= TASK =
Each line from the start of the entries through the line that contains "Ilustracja przedstawia połączenie" should be output exactly, please.

════

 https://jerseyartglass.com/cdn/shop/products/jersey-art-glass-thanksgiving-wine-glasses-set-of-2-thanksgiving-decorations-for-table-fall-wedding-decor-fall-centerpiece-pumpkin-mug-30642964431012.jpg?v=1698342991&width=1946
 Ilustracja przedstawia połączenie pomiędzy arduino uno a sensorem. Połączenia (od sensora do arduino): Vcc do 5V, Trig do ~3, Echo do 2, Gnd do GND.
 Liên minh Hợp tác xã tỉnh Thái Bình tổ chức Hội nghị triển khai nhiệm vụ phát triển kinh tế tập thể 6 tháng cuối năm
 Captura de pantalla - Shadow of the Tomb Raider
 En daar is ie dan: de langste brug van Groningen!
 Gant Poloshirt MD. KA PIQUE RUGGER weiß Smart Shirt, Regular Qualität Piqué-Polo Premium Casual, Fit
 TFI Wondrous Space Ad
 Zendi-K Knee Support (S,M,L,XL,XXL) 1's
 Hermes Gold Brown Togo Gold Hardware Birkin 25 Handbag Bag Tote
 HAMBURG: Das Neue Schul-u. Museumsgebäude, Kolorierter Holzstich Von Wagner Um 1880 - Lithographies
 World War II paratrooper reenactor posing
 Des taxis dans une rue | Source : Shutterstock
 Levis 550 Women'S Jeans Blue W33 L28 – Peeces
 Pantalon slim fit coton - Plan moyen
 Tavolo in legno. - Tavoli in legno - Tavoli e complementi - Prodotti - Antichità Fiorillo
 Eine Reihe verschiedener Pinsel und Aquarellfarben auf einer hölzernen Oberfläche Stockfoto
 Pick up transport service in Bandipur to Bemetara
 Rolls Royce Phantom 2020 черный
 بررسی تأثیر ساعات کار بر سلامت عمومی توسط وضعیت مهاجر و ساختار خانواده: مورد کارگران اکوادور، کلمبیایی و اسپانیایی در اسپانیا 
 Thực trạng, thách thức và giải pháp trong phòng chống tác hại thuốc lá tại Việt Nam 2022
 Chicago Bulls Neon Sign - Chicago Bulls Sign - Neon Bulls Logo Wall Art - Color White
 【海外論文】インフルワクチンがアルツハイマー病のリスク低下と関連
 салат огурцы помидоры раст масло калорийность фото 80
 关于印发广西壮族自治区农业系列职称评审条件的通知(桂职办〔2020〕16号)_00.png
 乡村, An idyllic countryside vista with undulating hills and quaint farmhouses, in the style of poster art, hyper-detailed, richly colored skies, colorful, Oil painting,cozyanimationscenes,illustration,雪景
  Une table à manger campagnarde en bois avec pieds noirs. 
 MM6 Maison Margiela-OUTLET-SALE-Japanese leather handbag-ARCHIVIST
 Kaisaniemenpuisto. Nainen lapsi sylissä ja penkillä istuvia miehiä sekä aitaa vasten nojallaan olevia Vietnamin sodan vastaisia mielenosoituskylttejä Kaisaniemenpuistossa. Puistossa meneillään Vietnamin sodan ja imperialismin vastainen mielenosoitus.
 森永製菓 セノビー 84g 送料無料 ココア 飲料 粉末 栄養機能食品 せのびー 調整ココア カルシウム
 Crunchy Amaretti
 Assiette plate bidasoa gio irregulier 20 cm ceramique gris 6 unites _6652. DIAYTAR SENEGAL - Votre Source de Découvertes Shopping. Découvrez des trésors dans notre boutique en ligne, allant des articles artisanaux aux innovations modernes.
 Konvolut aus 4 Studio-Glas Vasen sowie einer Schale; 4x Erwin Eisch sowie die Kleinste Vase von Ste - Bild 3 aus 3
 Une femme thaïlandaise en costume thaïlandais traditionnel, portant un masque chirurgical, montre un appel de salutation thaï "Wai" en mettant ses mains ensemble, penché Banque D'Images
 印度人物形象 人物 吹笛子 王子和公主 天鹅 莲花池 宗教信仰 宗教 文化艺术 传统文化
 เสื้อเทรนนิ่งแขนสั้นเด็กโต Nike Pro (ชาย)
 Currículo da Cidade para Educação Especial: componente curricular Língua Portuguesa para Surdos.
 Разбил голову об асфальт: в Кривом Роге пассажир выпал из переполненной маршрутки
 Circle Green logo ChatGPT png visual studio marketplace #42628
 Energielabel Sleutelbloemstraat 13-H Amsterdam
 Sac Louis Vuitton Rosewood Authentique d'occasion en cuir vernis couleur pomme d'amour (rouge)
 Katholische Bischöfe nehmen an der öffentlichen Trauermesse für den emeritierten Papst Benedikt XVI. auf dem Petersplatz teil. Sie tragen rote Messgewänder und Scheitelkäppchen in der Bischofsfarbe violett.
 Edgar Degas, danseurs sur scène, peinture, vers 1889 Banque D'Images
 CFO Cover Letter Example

════

= YOUR SOLUTION =
 https://jerseyartglass.com/cdn/shop/products/jersey-art-glass-thanksgiving-wine-glasses-set-of-2-thanksgiving-decorations-for-table-fall-wedding-decor-fall-centerpiece-pumpkin-mug-30642964431012.jpg?v=1698342991&width=1946
 Ilustracja przedstawia połączenie pomiędzy arduino uno a sensorem. Połączenia (od sensora do arduino): Vcc do 5V, Trig do ~3, Echo do 2, Gnd do GND.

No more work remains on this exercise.